Inwazja na Ukrainę oznacza, że ​​nabywcy stali będą musieli zmierzyć się z większą zmiennością cen w nadchodzących miesiącach.Getty Images
Teraz wydaje się, że wszystkie łabędzie są czarne. Pierwszym z nich jest pandemia. Teraz wojna. Nie potrzebujesz Aktualizacji Rynku Stali (SMU), aby przypomnieć sobie o okropnym cierpieniu ludzkim, które wszyscy spowodowaliśmy.
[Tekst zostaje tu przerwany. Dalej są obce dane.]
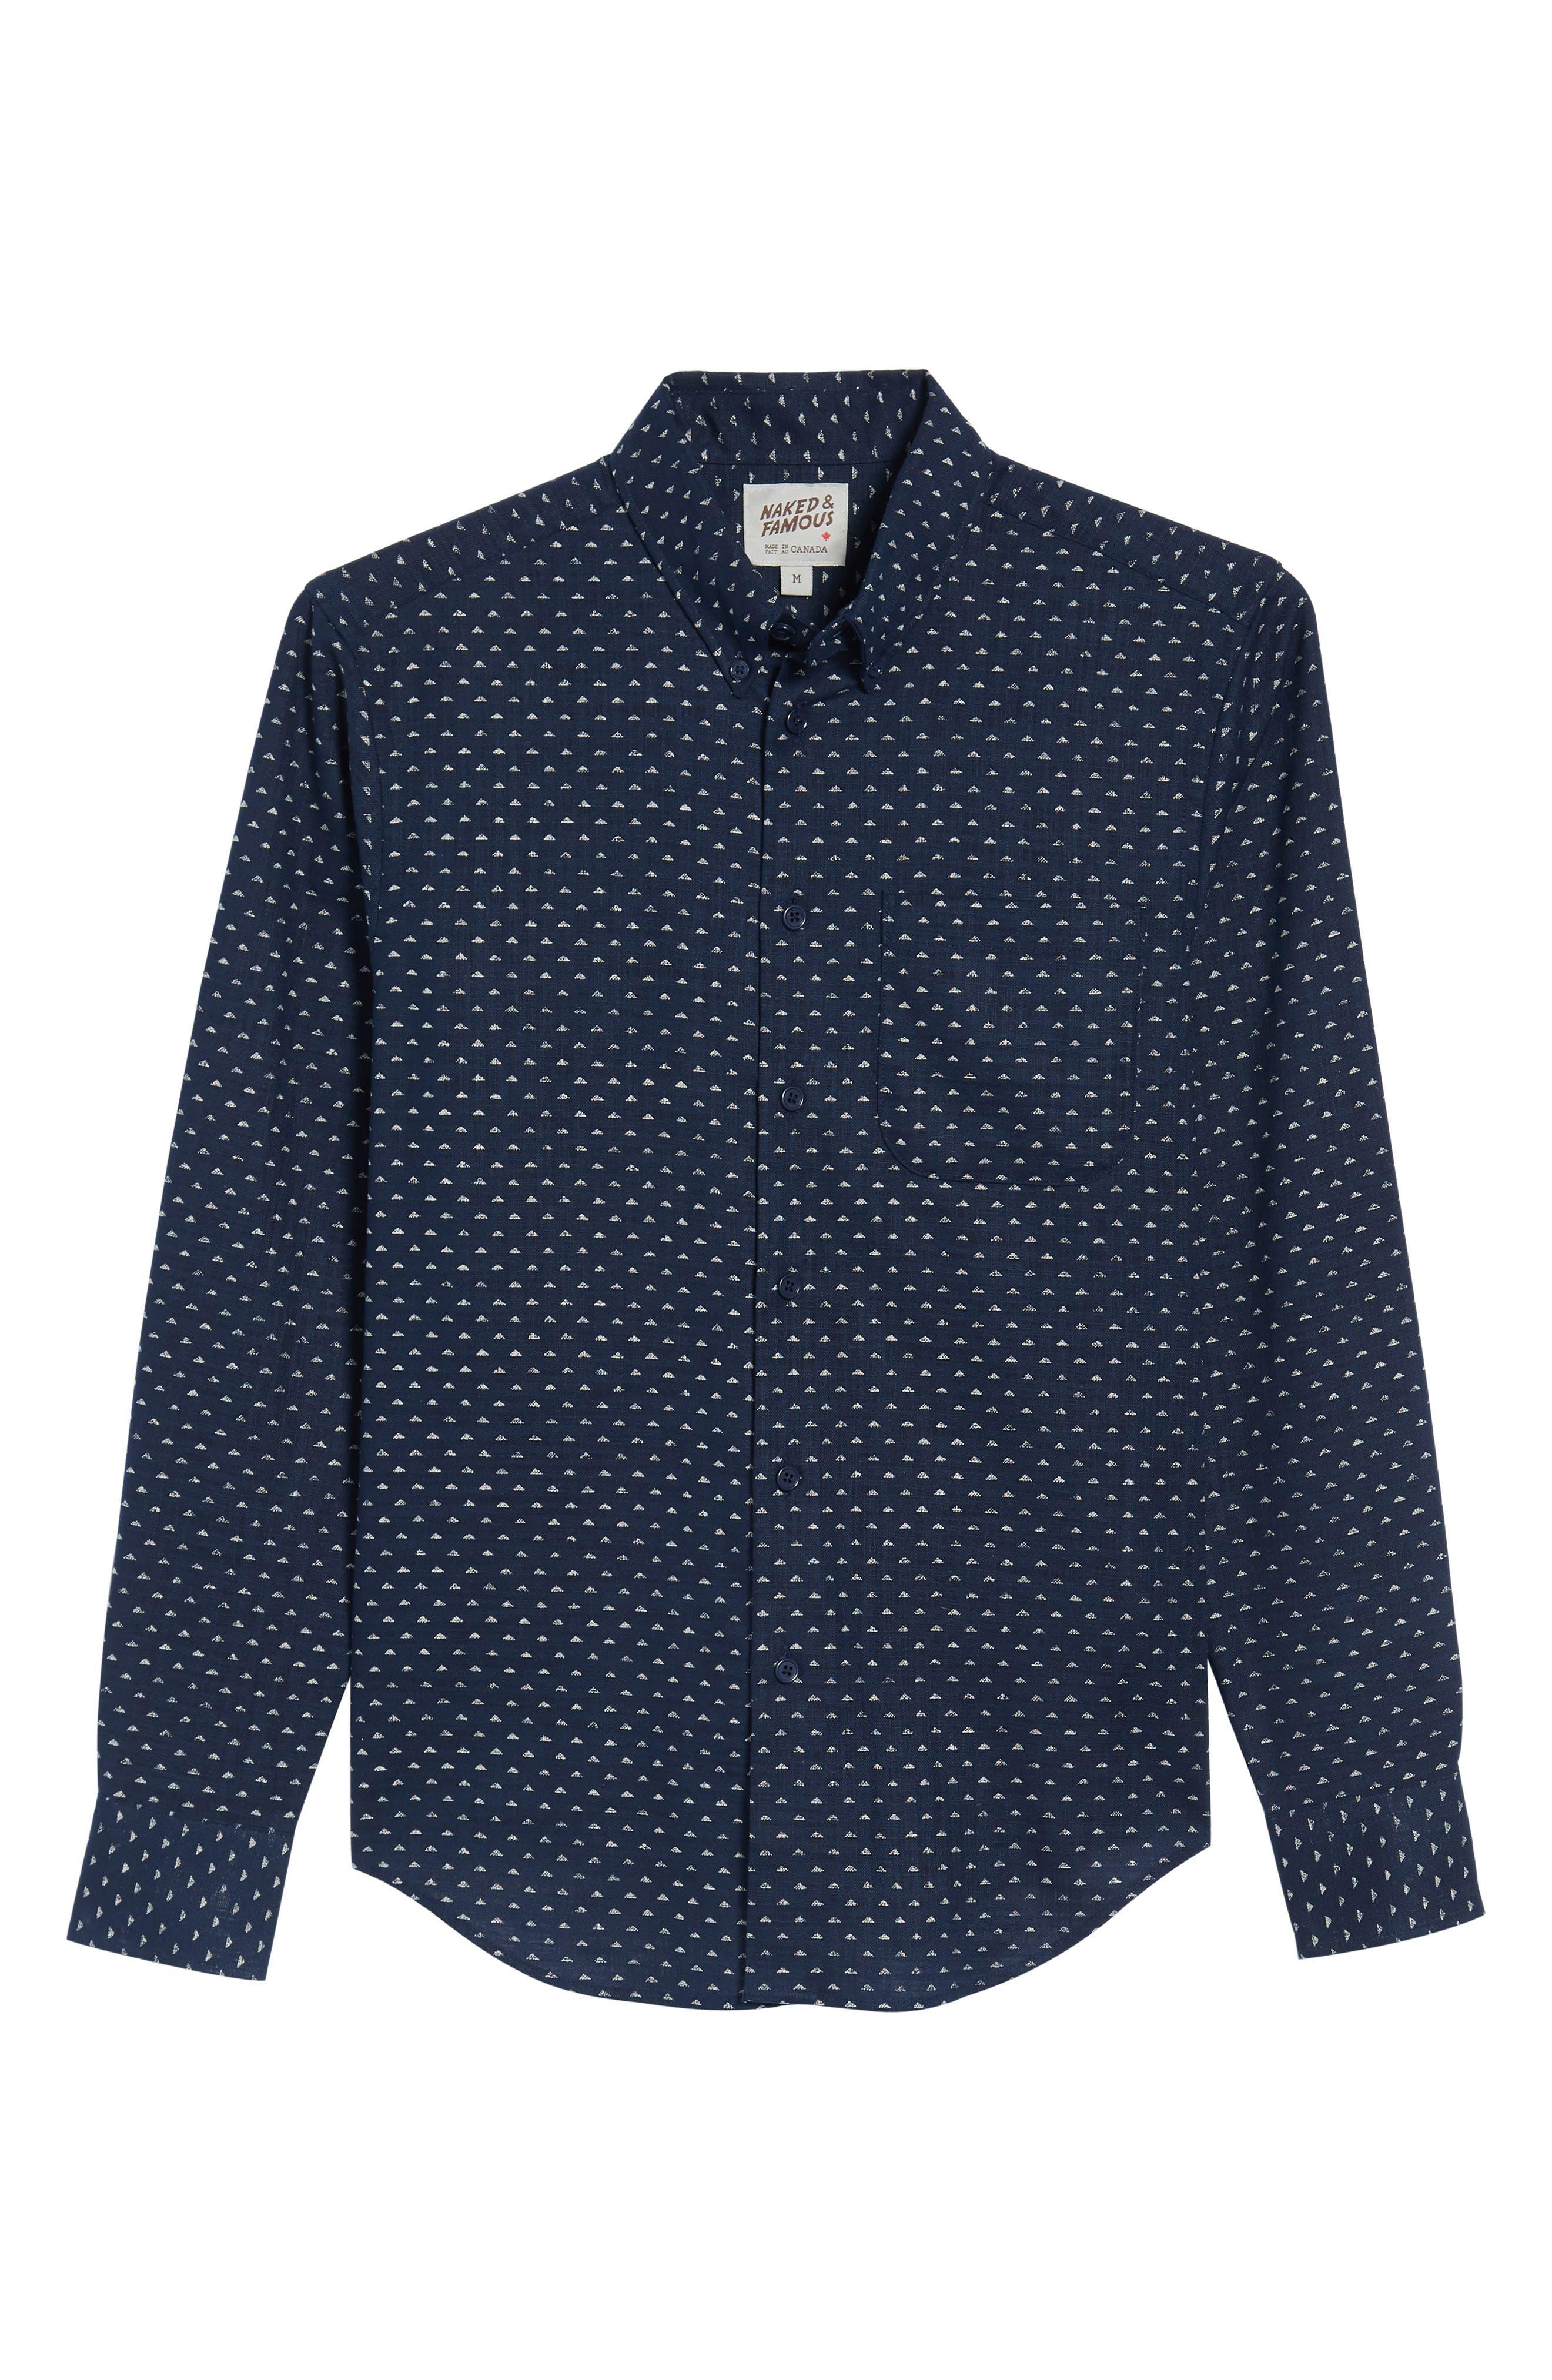 Kimono Print Shirt,                             Alternate thumbnail 6, color,                             401

W prezentacji na konferencji Tampa Steel w połowie lutego stwierdziłem, że słowo „bezprecedensowy” jest nadużywane. Niestety, myliłem się. Sektor wytwórczy przetrwał być może najgorsze skutki pandemii COVID-19, ale skutki wojny na Ukrainie mogą uderzyć w rynki tak samo mocno jak pandemia.
Jaki wpływ ma to na ceny stali? Wracając do czegoś, co napisaliśmy jakiś czas temu — wydaje się, że dzieje się to teraz w innej galaktyce — ceny spadają gwałtownie, ale ryzykowne jest pisanie o czymkolwiek z obawy, że w momencie publikacji artykuł będzie nieaktualny.
Tak samo jest teraz – z tą różnicą, że miejsce spadającej ceny zajmuje cena rosnąca. Najpierw dotyczyło to surowców, teraz także stali.
Nie wierz mi na słowo. Wystarczy zapytać europejskich i tureckich producentów stali i samochodów, co widzą teraz: niedobory i przestoje z powodu zbyt wysokich kosztów energii elektrycznej lub niedobory w dostawach podstawowych materiałów. Innymi słowy, dostępność staje się kwestią priorytetową, podczas gdy ceny w Europie i Turcji są kwestią drugorzędną.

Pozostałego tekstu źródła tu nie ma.